• **TASK INSTRUCTIONS**: These records contain pictures, which must be left out; copy exactly the lines from the one with "Wicklow Ruffled Valance" up to and including the one with "We’re Talking About Depression All Wrong".
[[ THE RECORDS, beginning ]]
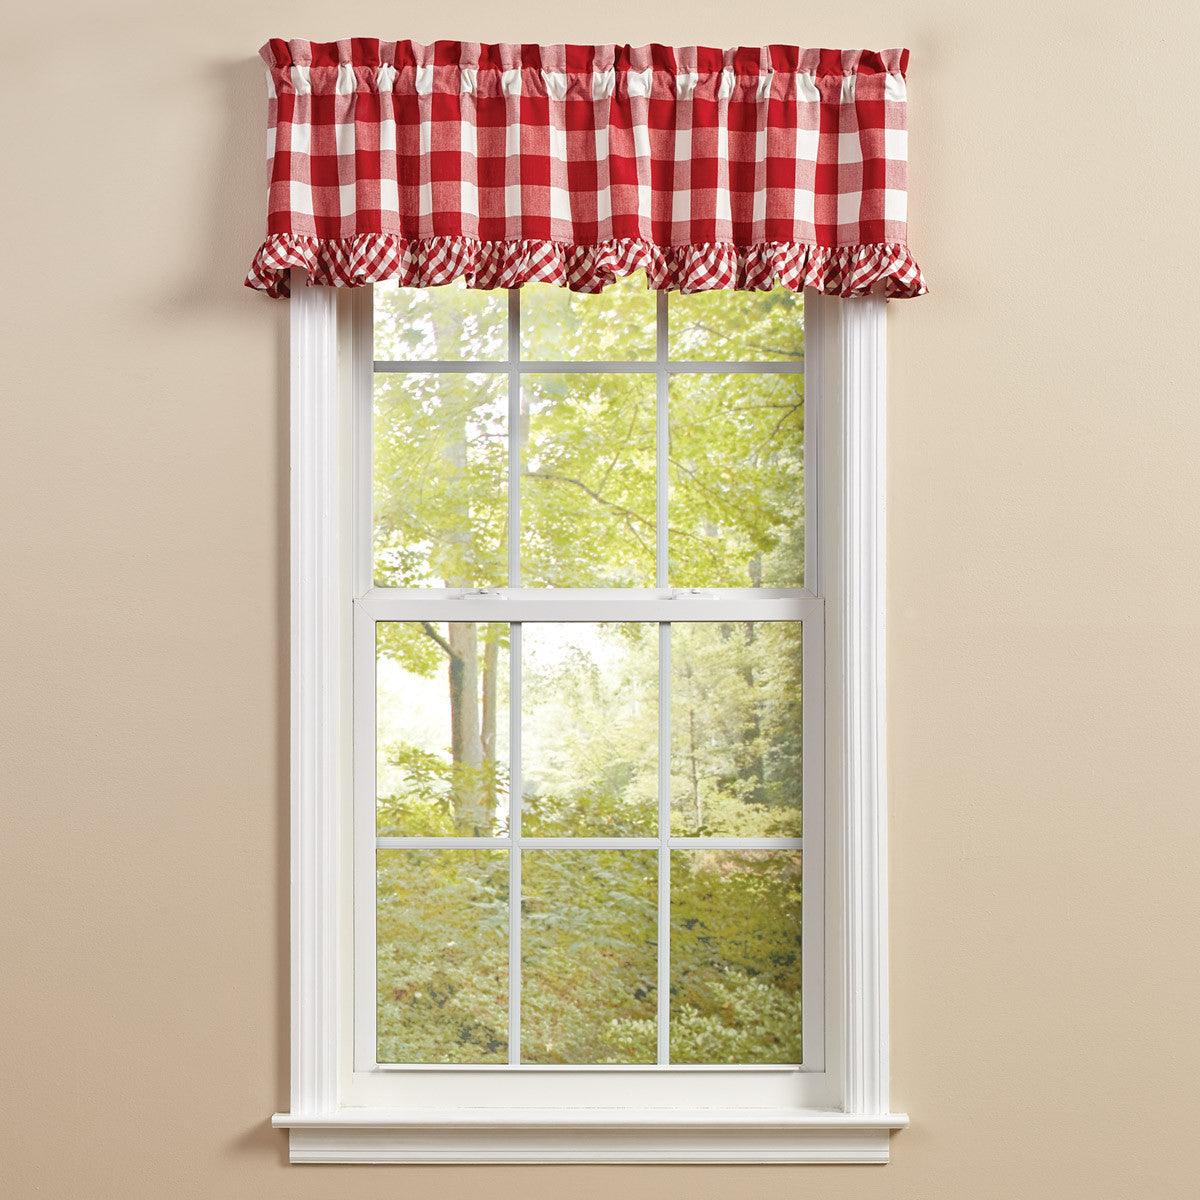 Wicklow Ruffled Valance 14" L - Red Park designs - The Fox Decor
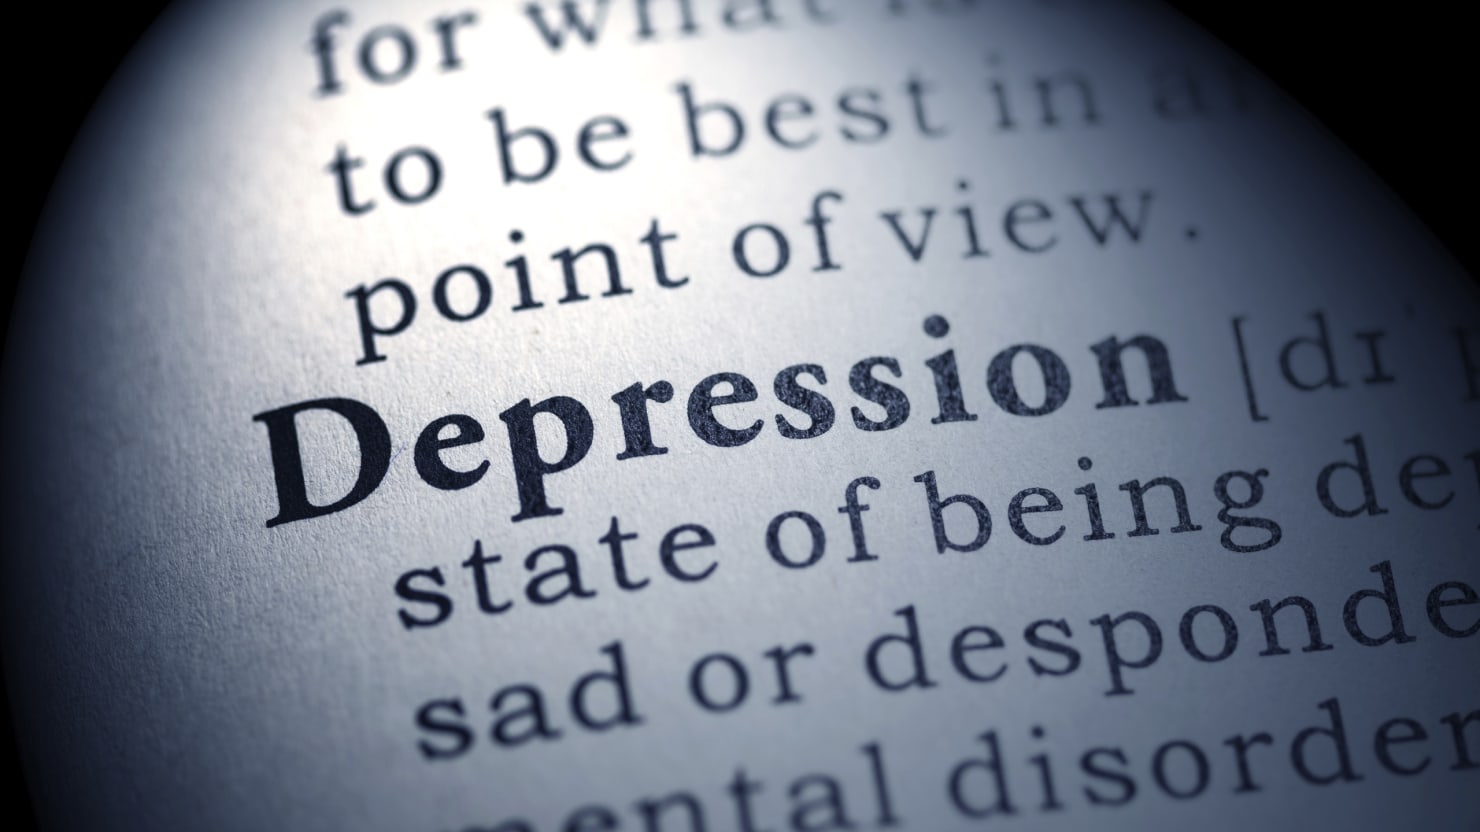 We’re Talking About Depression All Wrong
[[ THE RECORDS, end ]]
[[ THE RECORDS, beginning ]]
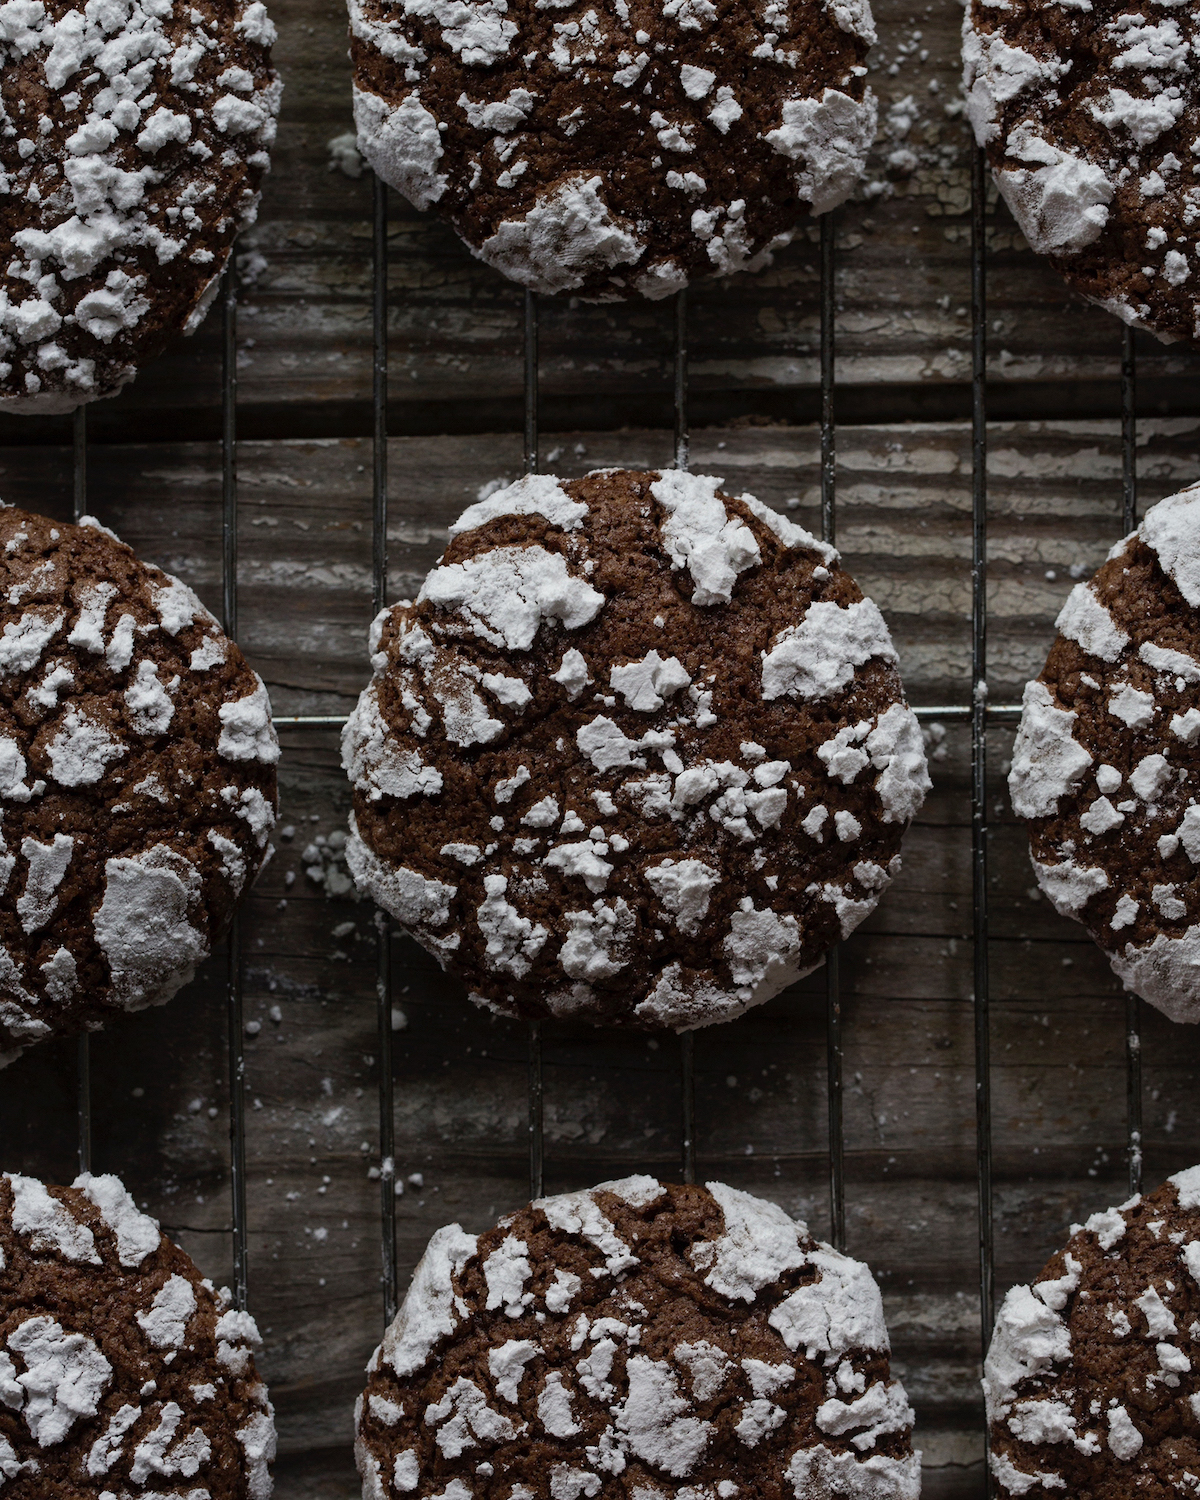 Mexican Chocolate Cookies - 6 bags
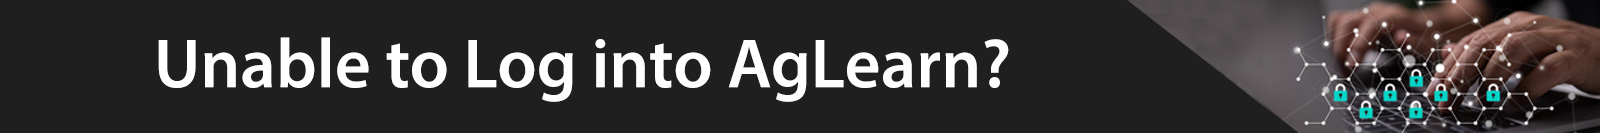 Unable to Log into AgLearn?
[[ THE RECORDS, end ]]
[[ THE RECORDS, beginning ]]
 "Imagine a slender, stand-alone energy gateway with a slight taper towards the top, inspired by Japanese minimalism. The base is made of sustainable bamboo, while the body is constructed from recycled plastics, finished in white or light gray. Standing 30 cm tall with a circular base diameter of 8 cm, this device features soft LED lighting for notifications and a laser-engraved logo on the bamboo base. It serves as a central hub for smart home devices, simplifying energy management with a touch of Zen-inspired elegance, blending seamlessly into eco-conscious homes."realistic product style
[[ THE RECORDS, end ]]
• **OUTPUT FOR THIS TASK**:
 Wicklow Ruffled Valance 14" L - Red Park designs - The Fox Decor
 We’re Talking About Depression All Wrong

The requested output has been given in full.